Regarding the role of CryD, the Thesis shows that the gene is strongly induced by light and that WcoA mediates this induction. Targeted mutation experiments showed that CryD produce similar amounts of carotenoids than the wild type in the light. Unexpectedly, they are affected in the production of other secondary metabolites, such as bikaverins or gibberellins under light and nitrogen starvation. However, no correlation was found with the mRNA levels for the biosynthetic genes, indicating that CryD functions at other regulatory levels. The ?cryD mutants also exhibit developmental alterations, such as production of macroconidia, rarely observed in the wild type strain of F. fujikuroi, and defects in the formation of aerial mycelia. Furthermore we have investigated the biochemical properties of CryD, and the results revealed that CryD binds the expected chromophore molecules, FAD and MTHF. Moreover it was found to be a functional photoprotein able to bind nucleic acids and to photorepair UV-induced DNA damages in vitro.
In N. crassa, carotenoid biosynthesis is negatively regulated by VVD, a photoreceptor that counteracts the activity of the light-induced White Collar complex, a process known as photoadaptation. Consequently, the mutants of the vvd gene of this fungus produce more carotenoid under light than the wild type. As found for cryD, the expression of the vvd orthologous gene of F. fujikuroi, vvdA, is induced by light through the activity of the WcoA photoreceptor. In contrast to the N. crassa vvd mutants, the ?vvdA mutants of F. fujikuroi accumulate less carotenoids than the wild type, but the transcription pattern of the carotenoid genes is not affected. These results indicate that in F. fujikuroi VvdA does not mediate the photoadapation of carotenogenesis.

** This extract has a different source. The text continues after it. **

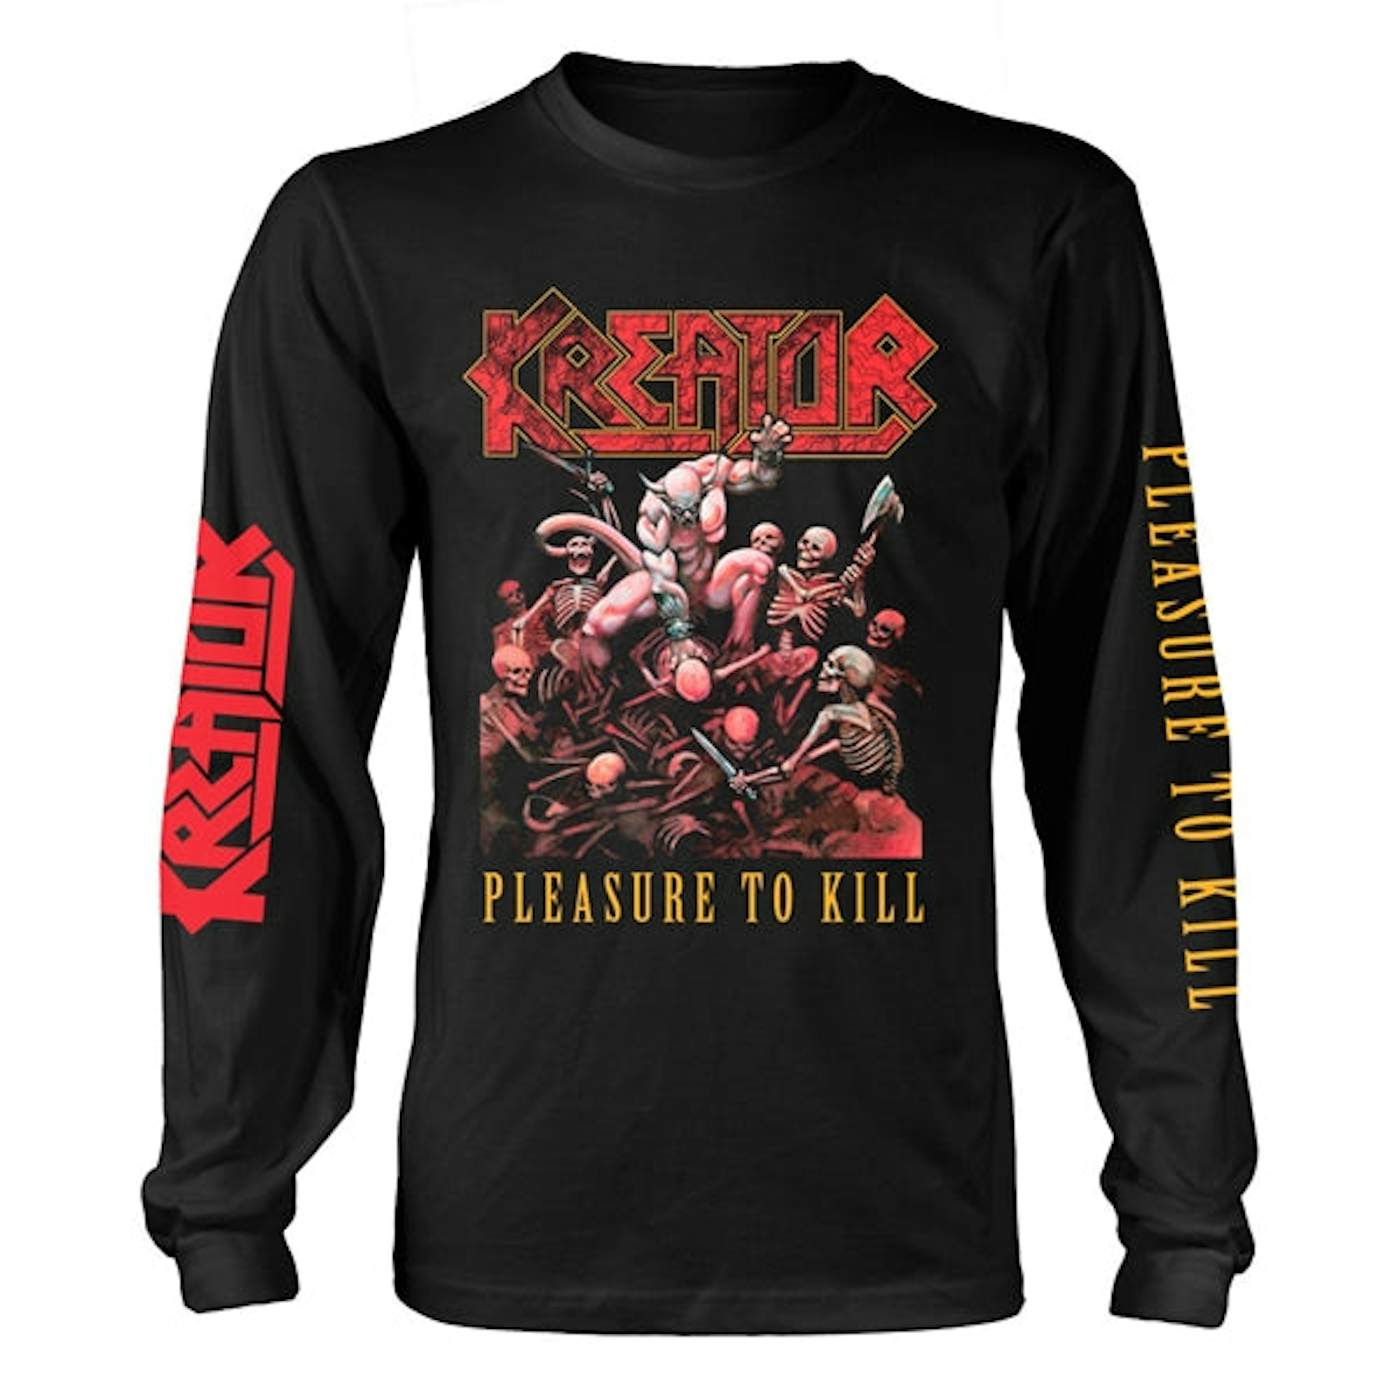 Kreator Long Sleeve T Shirt - Pleasure To Kill

However our phenotypic studies revealed that VvdA is also involved in development, with noticeable effects of its mutation on conidiation and mycelia organization.
Finally, this Thesis has studied the roles of the investigated photoreceptors in the induction kinetics of carotenoid biosynthesis upon illumination of dark-grown mycelia. We found that the induction of carotenogenesis of wild type F. fujikuroi is achieved in two steps, a fast one lasting up to 6 hours, and a slower second one starting after 12 hours. The mutant phenotypes show that the rapid initial activation (1st step) is transcriptionally achieved by the WcoA photoreceptor, which exhibits a high light sensitivity, while the slower delayed activation (2nd step), possibly pot-transcriptional, is mediated by the CryD photoreceptor, which exhibits a low light sensitivity. Both steps are separated by a pause of several hours. Finally, VvdA plays a modulating role, achieving a negative regulation on WcoA in the first stage and a positive regulation on CryD in the second stage. Further analyses of WcoA revealed that it regulates the synthesis of carotenoids in the dark, as already found for bikaverin biosynthesis, a function achieved at transcription level.

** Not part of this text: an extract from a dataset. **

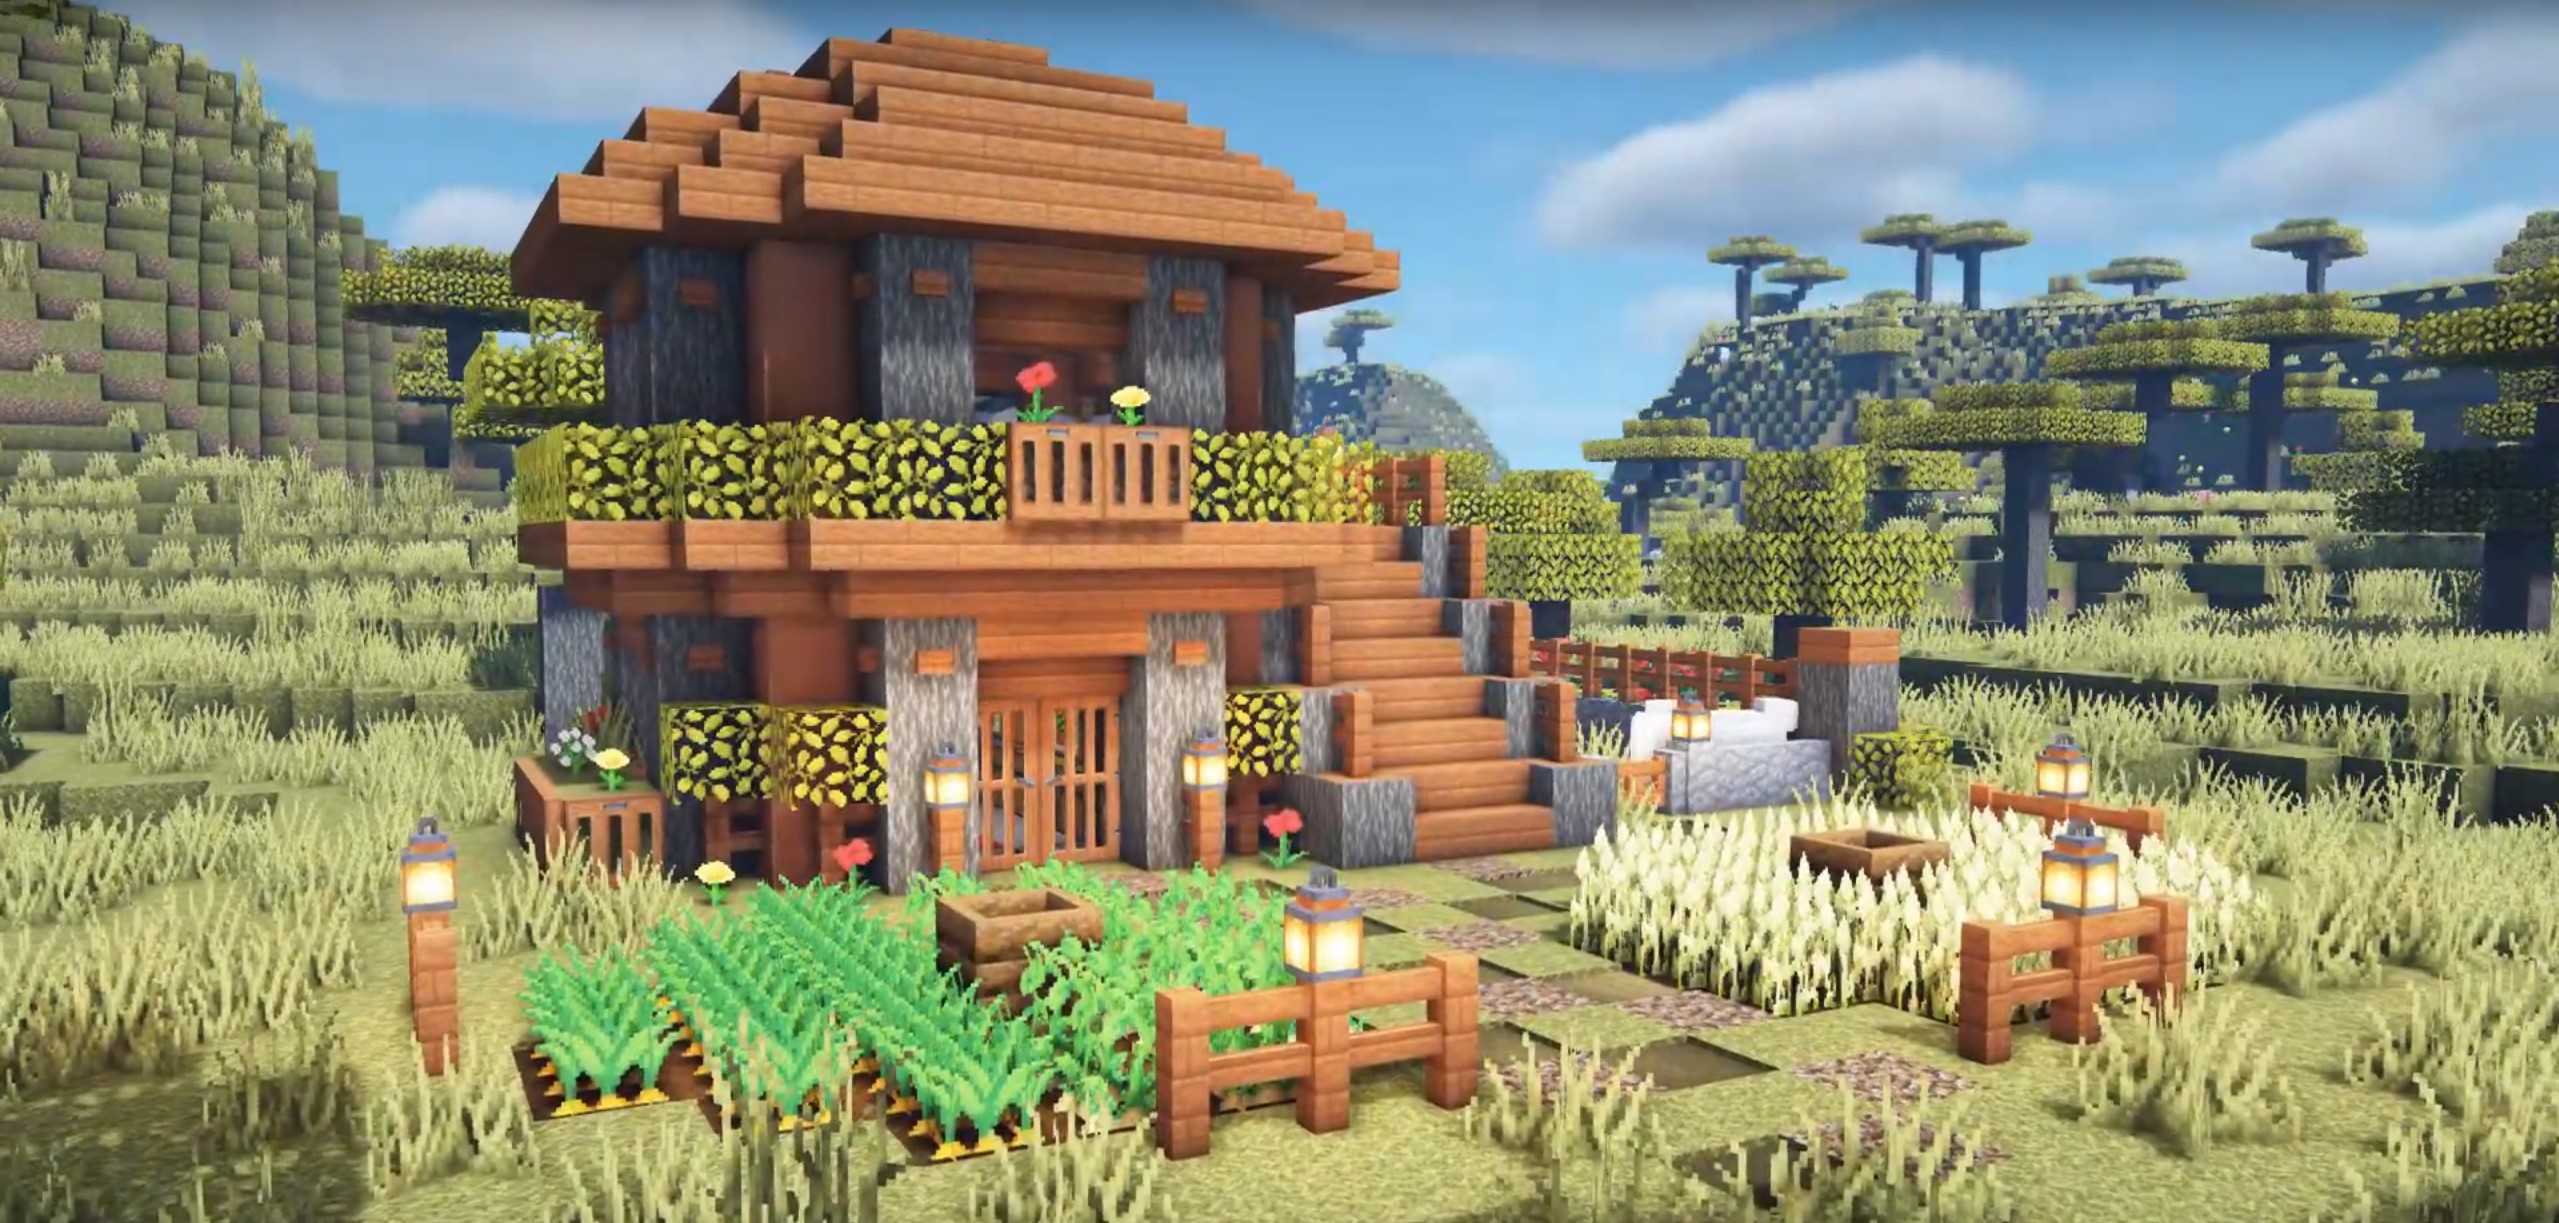 Savanna House minecraft building idea

In summary, we have determined that the F. fujikuroi photoreceptors CryD and VvdA play coordinated roles with WcoA in the photoregulation of carotenoid biosynthesis, and additionally they play light-dependent regulatory functions in different developmental processes. On the other hand, WcoA plays a central role in the regulation of carotenoid biosynthesis, since it is required for the expression of the structural genes in the dark, and for their photoinduction in the first hours of light; additionally WcoA controls the expression of the photoreceptor genes cryD and vvdA.